Crime ou não, é difícil ser descoberto

O aluno pode demonstrar desconhecimento do próprio trabalho na apresentação. Ou ter uma conduta relapsa ao longo da graduação, mas, no trabalho final, escrever algo (estranhamente) excepcional.

Os professores chegam a desconfiar, mas como irão provar que o estudante comprou o TCC? Se não houver plágio (que atualmente é detectado por softwares especializados), a instituição tem poucos instrumentos para denunciar a fraude.

"Já reprovei trabalhos porque o aluno demonstrou total desconhecimento do que apresentou à banca avaliadora. Mas não posso acusá-lo de ter comprado o TCC, porque estaria imputando um crime a ele sem ter provas", diz Monaco.

"Ele pode justificar que estava nervoso, por exemplo. Ou seja: as universidades sabem que isso [comercialização de trabalhos] acontece, mas não há como comprovar."

É assim que a indústria da terceirização de TCCs se mantém.

O g1 entrou em contato com as dez instituições de ensino superior com mais matriculados em cursos presenciais, e nenhuma comentou o assunto. Também perguntou ao Ministério da Educação (MEC), responsável pelo controle de qualidade das universidades, se a pasta está atenta à prática de venda de trabalhos acadêmicos, mas não recebeu resposta até a última atualização desta matéria.

E as empresas? Como continuam funcionando?

Segundo Lochagin, elas deveriam responder por falsa identidade ou auxílio a fraudes, mas conseguem escapar ao se definirem como prestadoras de “consultorias acadêmicas”.

“Se o que elas fizessem fosse realmente só um auxílio à pesquisa, seria até interessante.
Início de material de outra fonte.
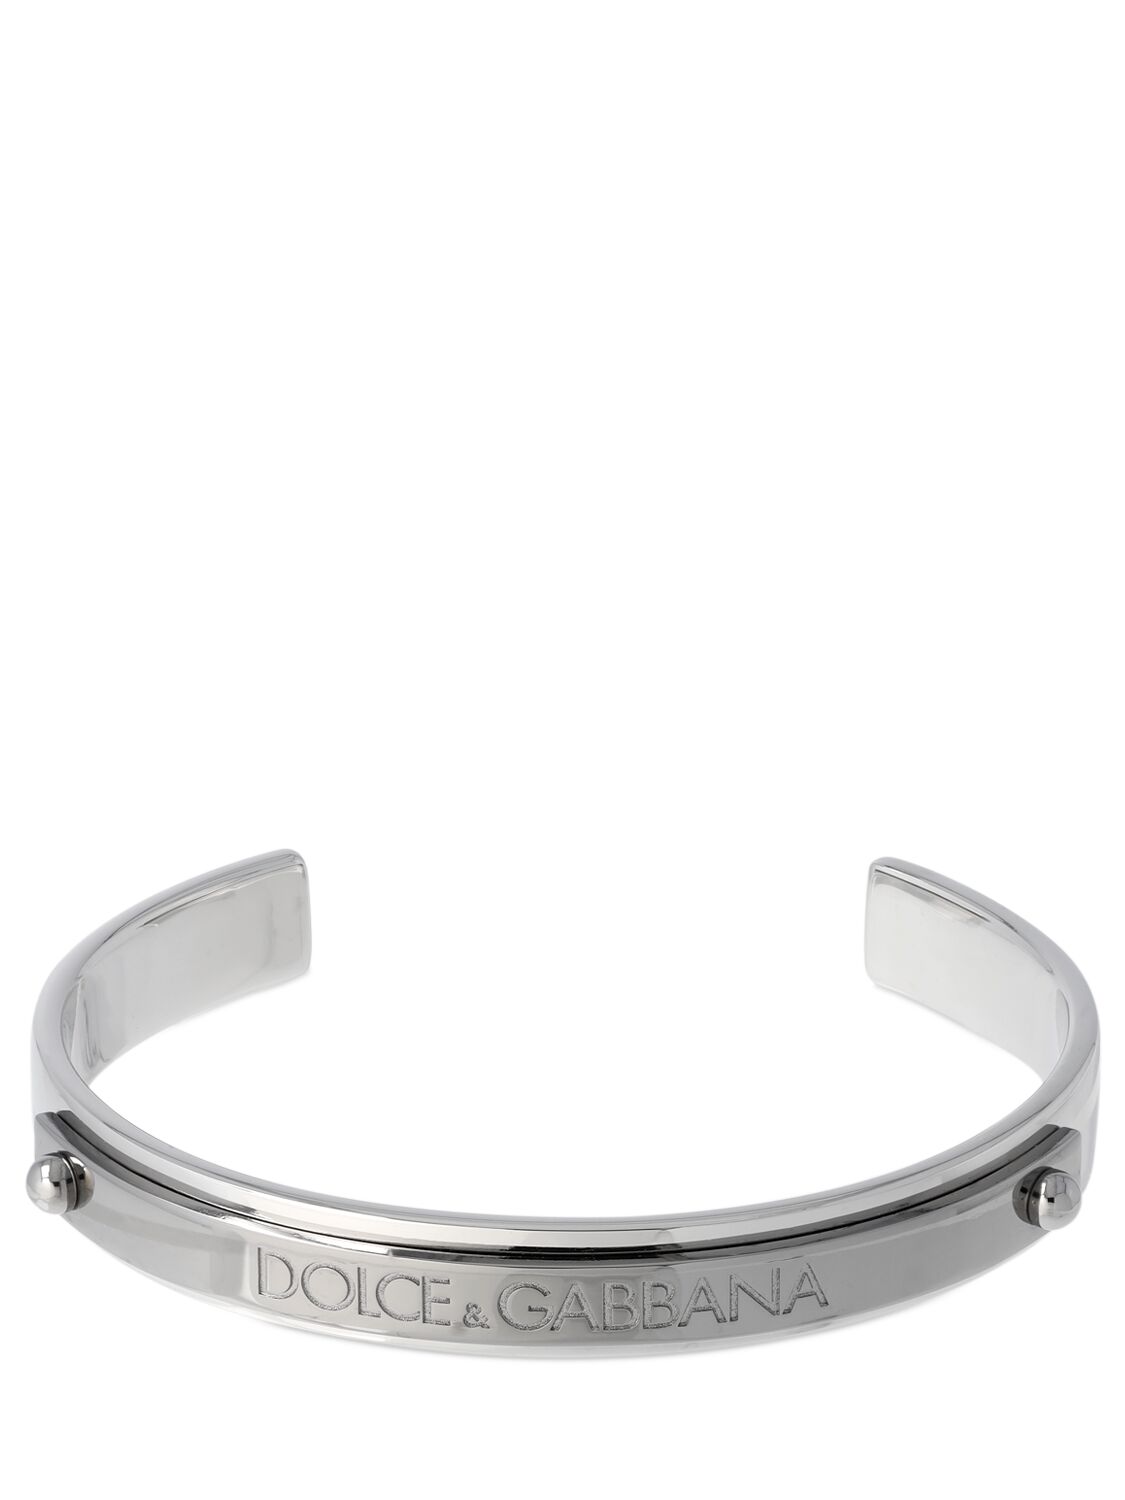 Dolce & Gabbana Dg Logo Cuff Bracelet In Silver

A questão é que o contrato é para fornecer o trabalho pronto.”

Monaco, da USP, diz que a fiscalização poderia ser feita pelo Ministério Público ou por órgãos de defesa do consumidor. "Está se ofertando um produto que abre espaço para falsidade ideológica", explica.

Até a última atualização desta reportagem, os MPs de São Paulo e do Rio de Janeiro ainda não haviam localizado procedimentos contra as empresas mencionadas.

* Os nomes reais foram trocados por fictícios a pedido dos entrevistados.